Sleep is a hot commodity in our house, even more so than gold, and we like our gold. Everly slept like a dream baby right from day one. She never slept shorter than a five hour stretch; by the time she was six weeks old she was sleeping seven to eight hour stretches with twelve hours of night time sleep over all. So, naturally when we had Matthew we expected that we had the whole sleep thing down, and he would be the same. Ha ha ha ha ha (insert the most evil villian laugh that you can think of here). Parent bubble burst! We are not amazing baby sleep machine parents, we just got lucky. Matthew thinks that sleep is for mere mortals, and he has no desire for his mother to be a mere mortal.
We have tried all the tips over the last six months; white noise, swaddle, increasing milk supply, soothers, dream feeds, warm baths, lavender, co-sleeping, solid foods… the list goes on. I think the only exception would be the old formula before bed trick, we decided to stay away from that one because there is no proof that it works, on the contrary there is proof that formula will upset his breastfed tummy and cause gas. I know how pleasant gas is, we decided to spare the baby. So, tips, tricks and old wives’ tales aside, here we are now at six months post birth and still not sleeping.
It’s time for a revolution. It’s time to overthrow the sleep dictator. His six month reign of terror is over. It’s time for a plan. Our house is an “attachment parenting” home, so there will be no crying it out or tough love. We tried this method with Everly and it didn’t work and I still feel SICK when I think about the whole process.
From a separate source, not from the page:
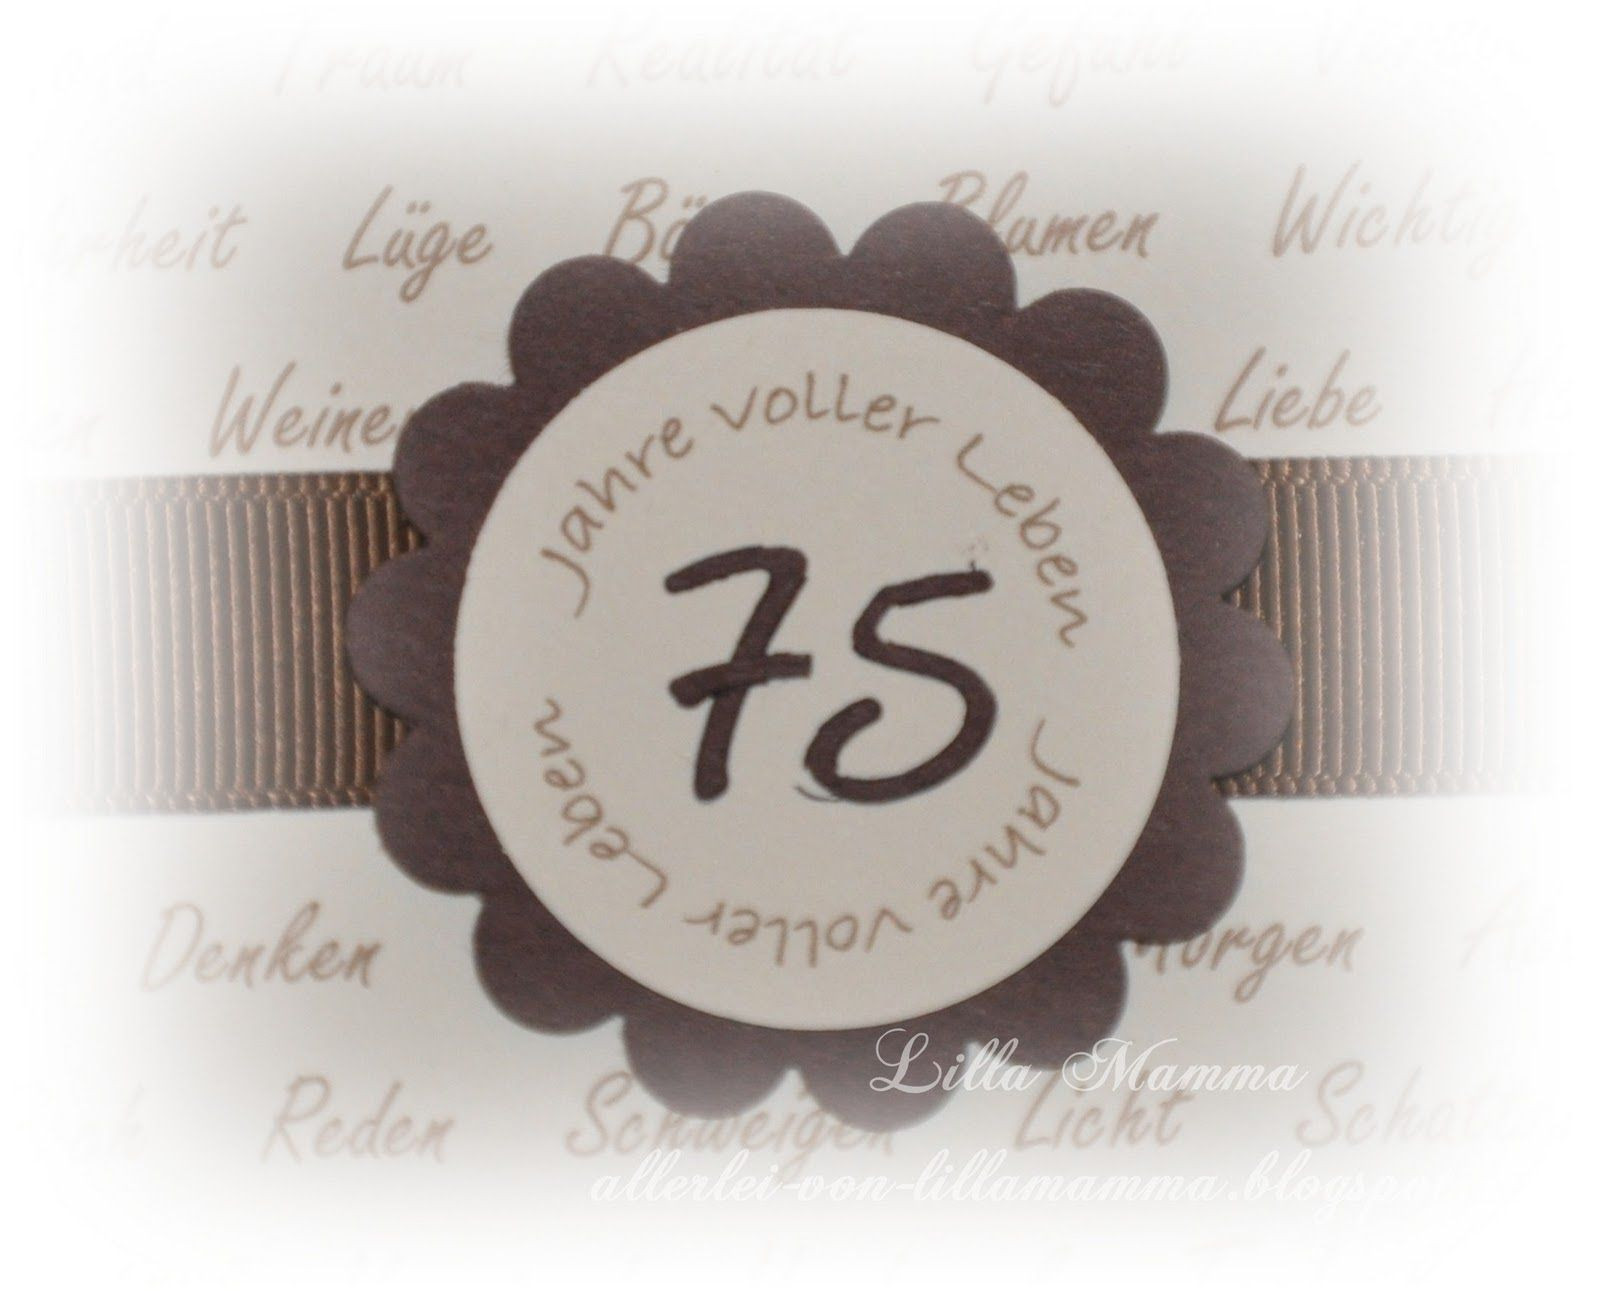 Geburtstagswünsche Zum 75 Geburtstag
 Einladungskarten Zum 75 Geburtstag

I don’t have it in my heart and soul to do that again. Sorry Evie, you were the unfortunate test pilot of your parents and we shit the bed on that one. From my lengthy research on sleep gurus the last time around, I know what else is out there and I know that there is a “method” the gels better with my conscience. Now back up the truck before you think I am being all judgmental, I am not saying that the cry it out methods can’t work, don’t work, or are cruel. Cry it out methods have worked beautifully for some families that I know and I think that’s wonderful! It just doesn’t work for our family.
This is probably the point in the blog post where you are saying to yourself, “last time, again- hunh?” Yes we made the same “mistake” twice and I wouldn’t have it any other way! Sleeping for 6 months with each of my babies curled up next to me is something that I will NEVER regret. So although I make it sound like he is the bad guy, I know he isn’t. He’s just a typical baby who has adapted to the world that we have created. And now we are the jerks who are going to change everything. Why change everything now? Isn’t that cruel? Well no it’s not, because he isn’t sleeping as well as he could be and I am not either. Both of us need to sleep to be happy and healthy members of our family. If he were sleeping 8 hours next to me all night I can guarantee that I would not be attempting to put him into his own bed!
We have decided to use the No Cry Sleep Solution by Elizabeth Pantley. This method worked best with Everly and Matty seems to be having the same issues that she did- namely not being able to go to sleep on their own. Now this wouldn’t be a problem if it weren’t for all those brief awakenings during the night. Damn the shortened sleep cycles of babies and their stupid brief awakenings! At least Evie took a soother, Matthew has opinions of soothers that are similar to his opinions of daytime naps and night time sleep… My children are so stubborn and I have no clue where they get it :)-
For the last two days have been collecting our sleep data. I have been recording all of Matthew’s naps and night time sleep. When I see these numbers I think, “holy shit, no wonder I am so zombie, fried, dead tired.” NO WONDER! I will share the results at the end of the three days, along with our plan!